De Botton picked his title well. Another sort of travel is motivated by aesthetics, to cultivate some sort of aesthetic appreciation of the place itself. Travel can be a way that I can change myself internally, emotionally, intellectually.

Is this kind of purely internal focus really effective? Can we cultivate a healthy internal without cultivating a healthy external at the same time? There are a variety of ways to combine travel with working to make the external world, the world outside myself, a better place. But that kind of heavy-handed deliberateness is not required, either. If we are simply engaged with the world in a careful and meaningful way, that can be enough, that can be even more powerful.

Pilgrimage is a curious sort of travel that is focused on internal transformation but that doesn't seem to fit de Botton's aesthetic approach. Maybe the difference is that de Botton looks for ways that external stimuli can trigger or steer internal dynamics. Pilgrimage, on the other hand, seems more externally focused. The story, the dynamics, are external. The self is subjected to that external story.

I just started watching Louis Malle's documentary film Phantom India. This film seems also to take an aesthetic approach to its subject, but seems to bring into question more the nature of that engagement. That film is also more people-oriented than de Botton's book. People demand more active engagement than does landscape!
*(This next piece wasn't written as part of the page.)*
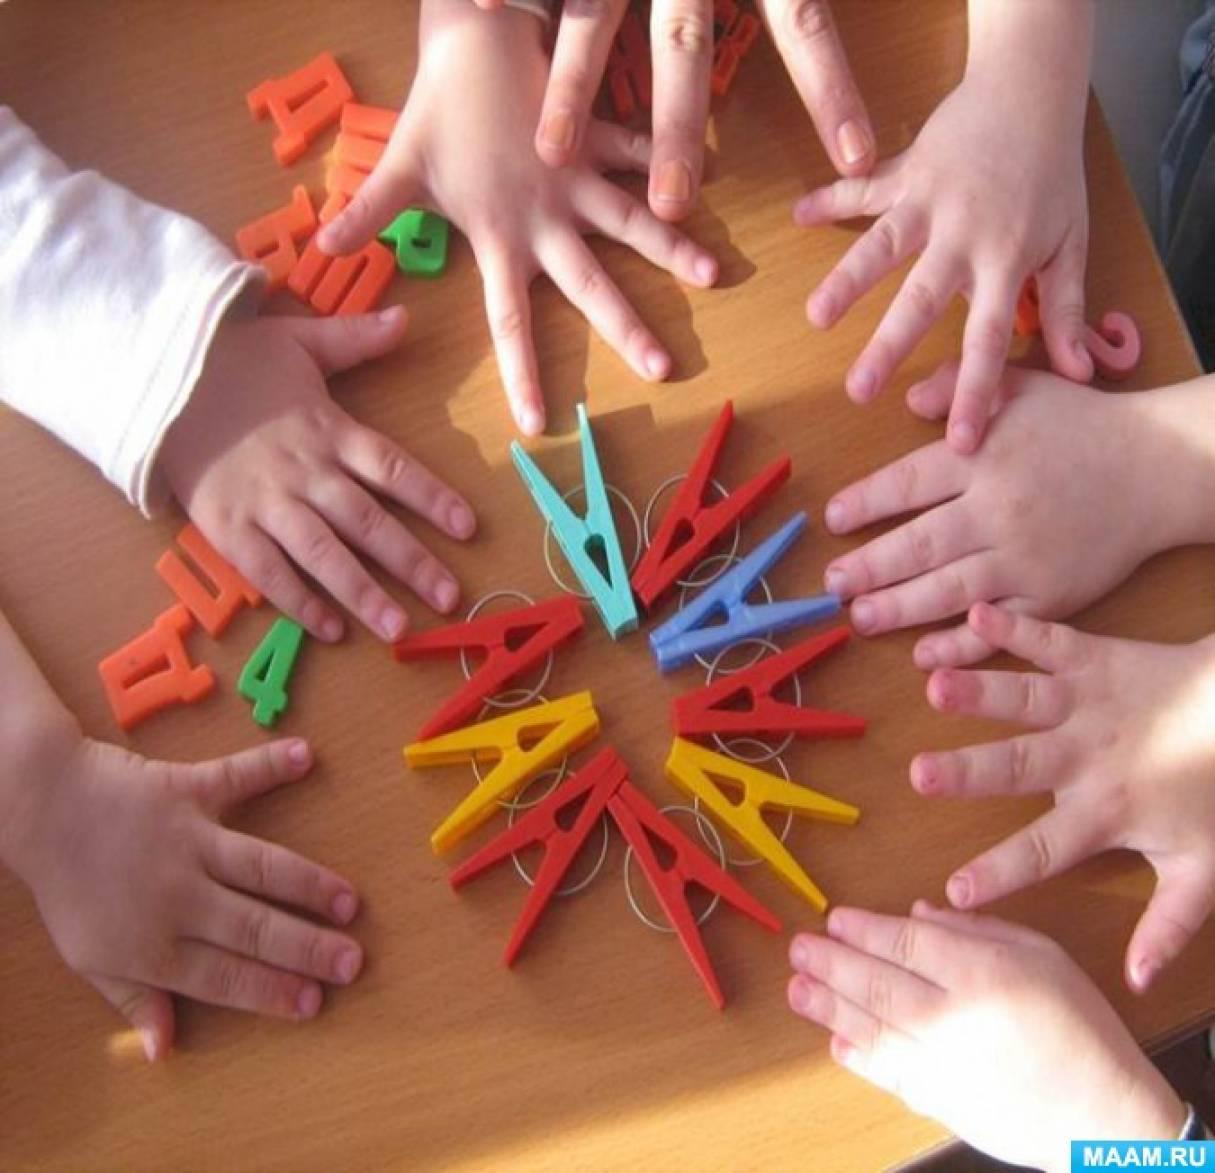 Использование прищепок в качестве предметов-заместителей в развивающем обучении дошкольников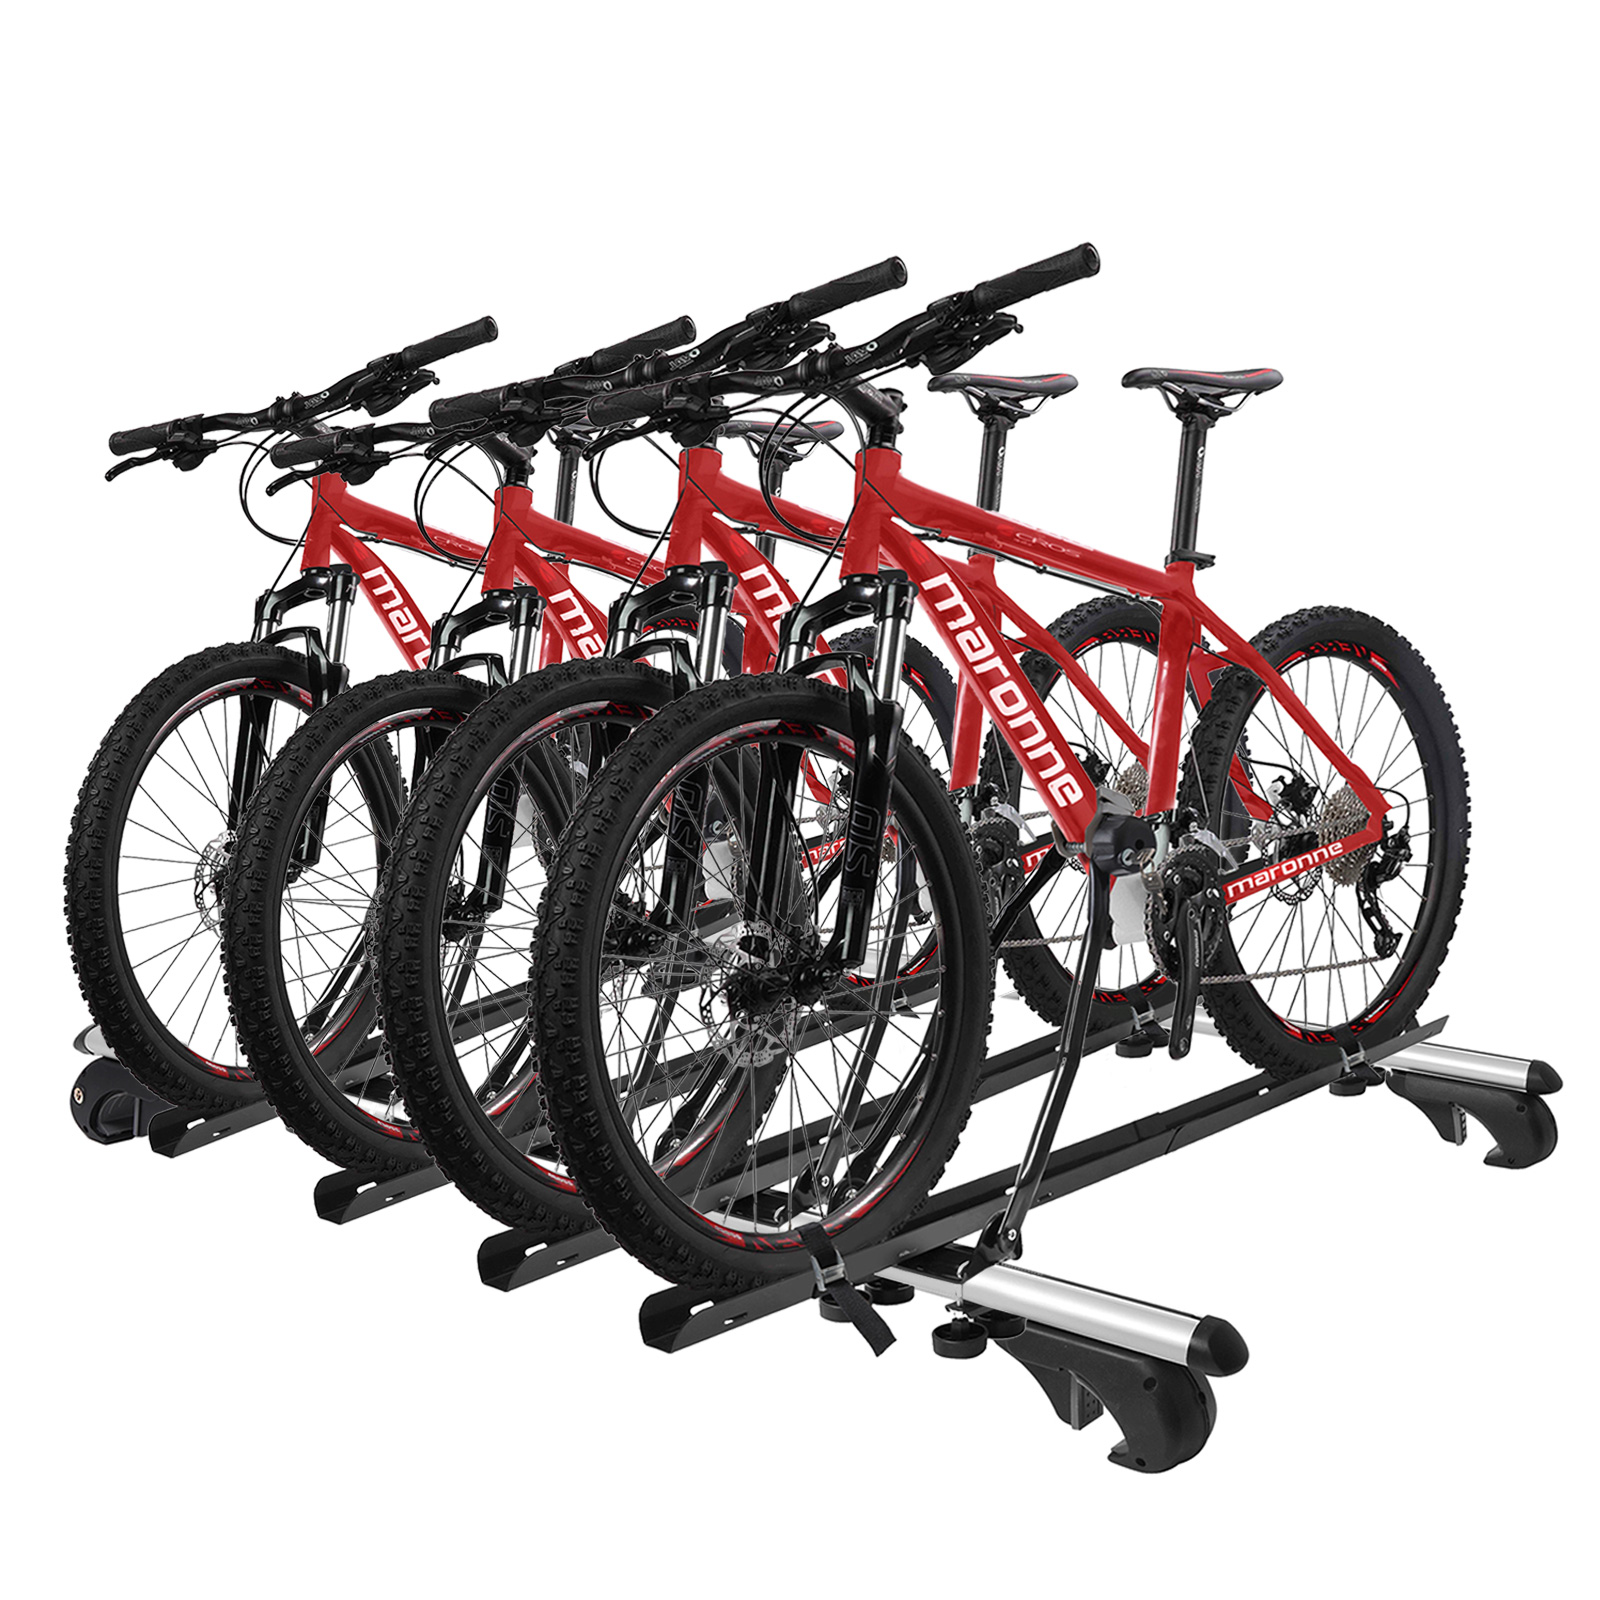 4x Fahrradträger Dachträger mit Rahmenbefestigung abschließbar inkl Befestigung

We already seem to be retreating from the pinnacle of exotic travel, as the global airline industry goes into retreat, handicapped by high fuel prices and security concerns. Pulling in our horizons will feel much different than pushing them out. Intellectual and emotional self-transformation is always a worthy project, but its relationship to travel may be due for a major shift as we move into a world of declining resource availability.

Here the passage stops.